Hailing from LA, Waitless is a semi-autobiographical play about newlyweds Shelly and Trent, from the American south but living in New York. Trent works in finance and Shelly in TV production, but when Trent’s job transfers him to London, Shelly gives up her career to go with him. Told through heightened, contemporary farce with moments of sincerity, Waitless shows that the cultural gap between the UK and US is bigger than you think.
Actors Jessica Moreno and Andrew Boyle play all of the stereotyped characters, with the primary focus on Shelly’s emotional struggle and adjustment from career woman to housewife. Moreno seems to be the stronger performer here, but she has more to work with.

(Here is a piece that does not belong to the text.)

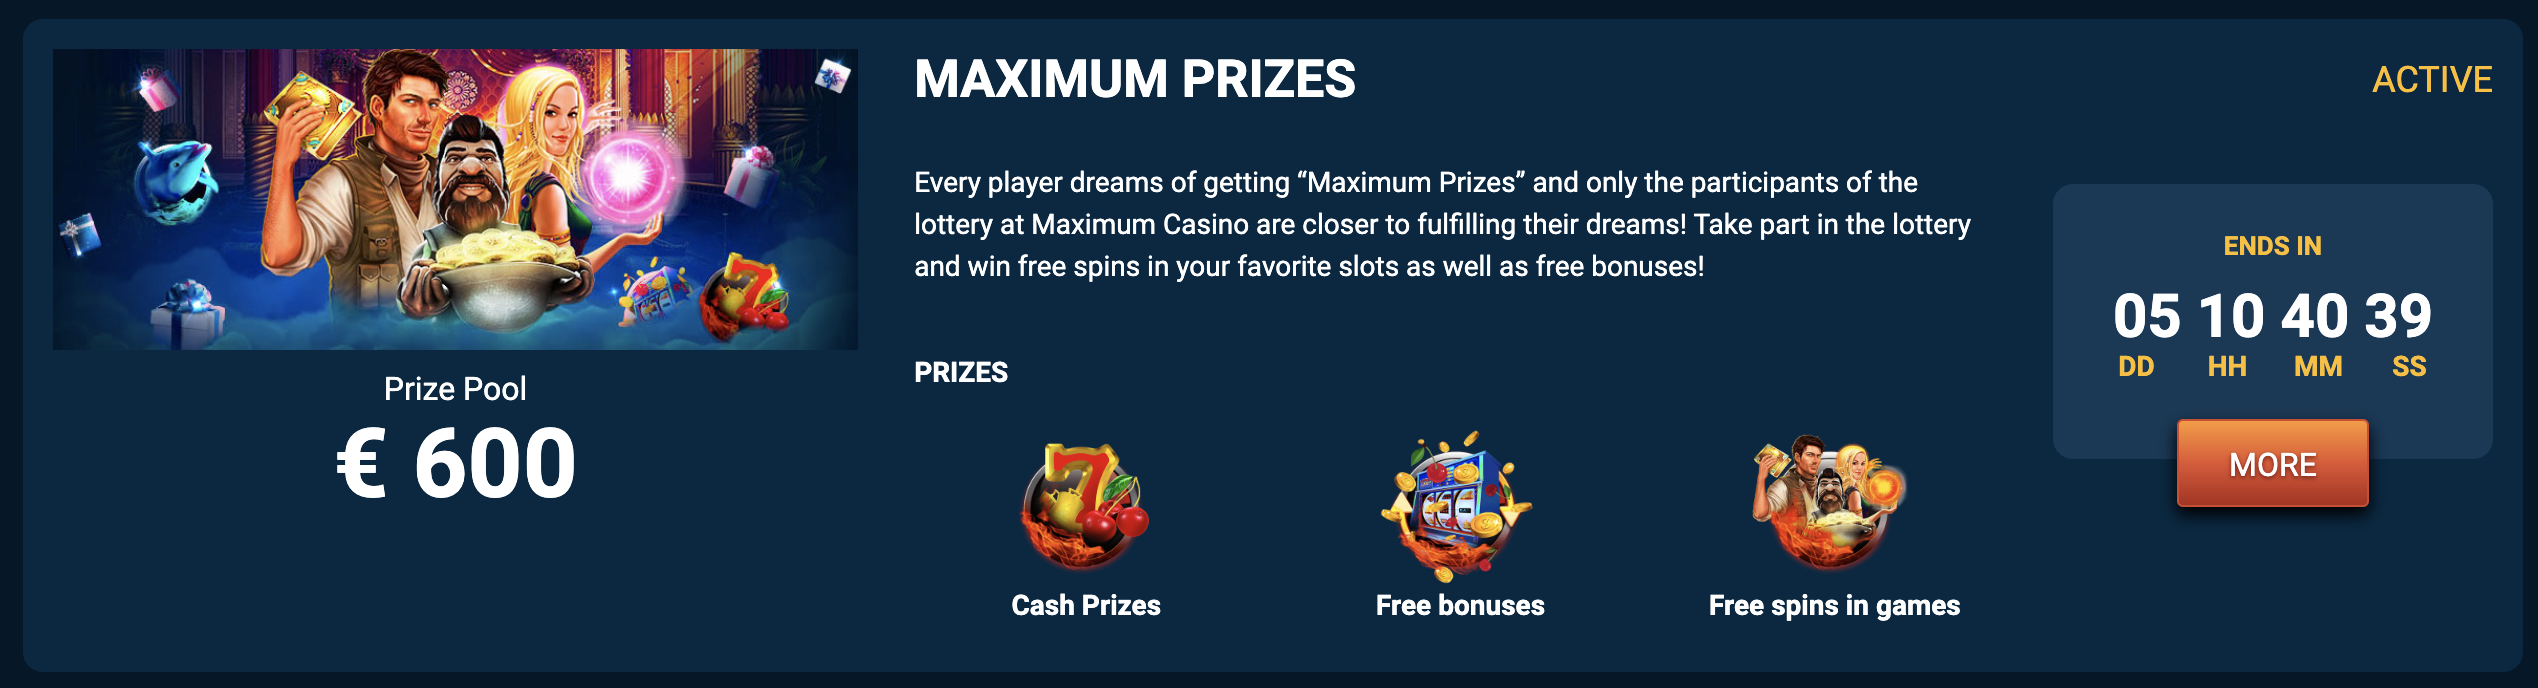 Lotteries at Maximum Casino

Because they are using such a heightened performance style, moments of truthfulness are rare. A more naturalistic performance style would better serve the story’s message and give the actors meatier roles to explore, however both performers are extremely energetic and they have some lovely stand-alone scenes together.
These scenes make nice set pieces, but as a cohesive whole, the play could use a bit more substance. Shelly needs more intimate, honest moments alone with the audience when Trent is away for work to give the script a bit more weight. The ending is also abrupt and open, which doesn’t show a completed character arc. There is certainly scope for the play to be lengthened. There are heaps of jokes and references that I appreciate as an American who also relocated to the UK, but this narrows the play’s target audience down to a small demographic. It’s telling that I was the only person in the audience who chuckled at some of Shelly’s digs at British culture: British people won’t relate to her frustration, and neither will Americans who have never lived abroad. Any immigrant will be able to empathise with her situation though, at least in part.

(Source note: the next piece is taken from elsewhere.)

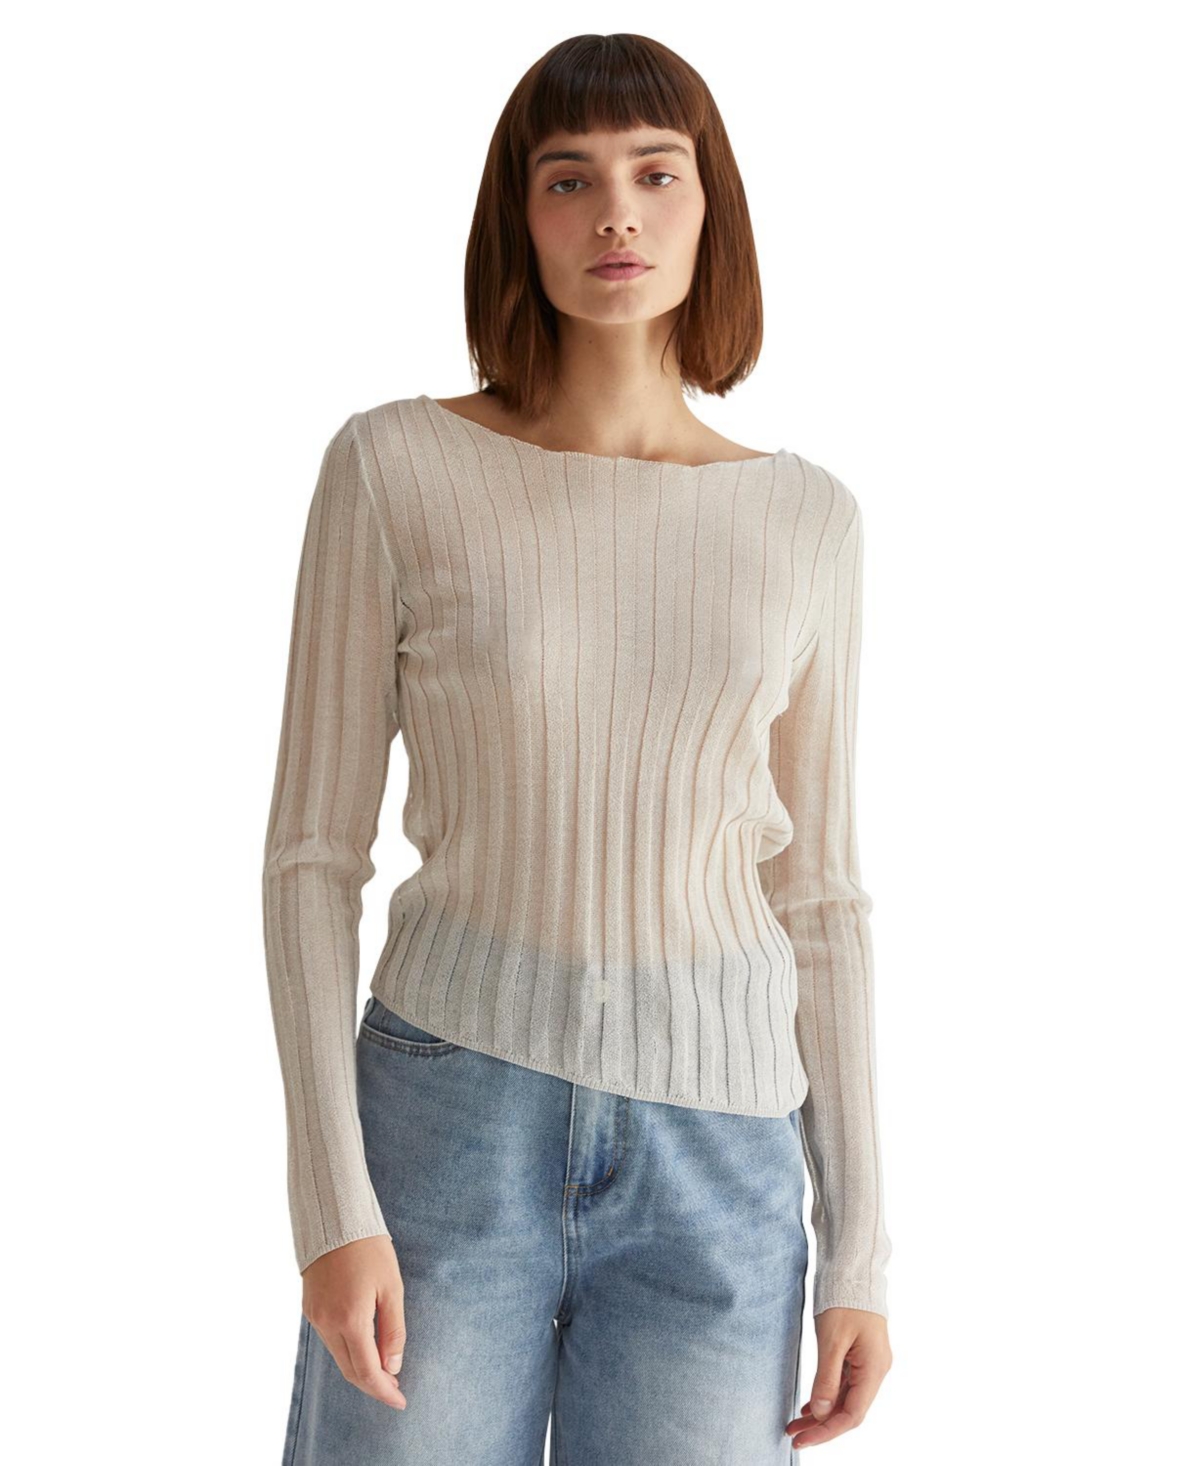 Women's Ellie Sheer Rib Sweater Top - Light/pastel grey + light grey

Overall, it’s a great issue to look at onstage. Immigration is a hot topic in many countries, and the immigrant experiences in the news focuses on an entirely different demographic. Those who quietly relocate to work or study largely go unnoticed, often battling the cultural adjustment alone and unsupported. The script needs some adjustment in order to truly capture the emotional upheaval and rediscovery that comes from this momentous life change, but it is heading in the right direction.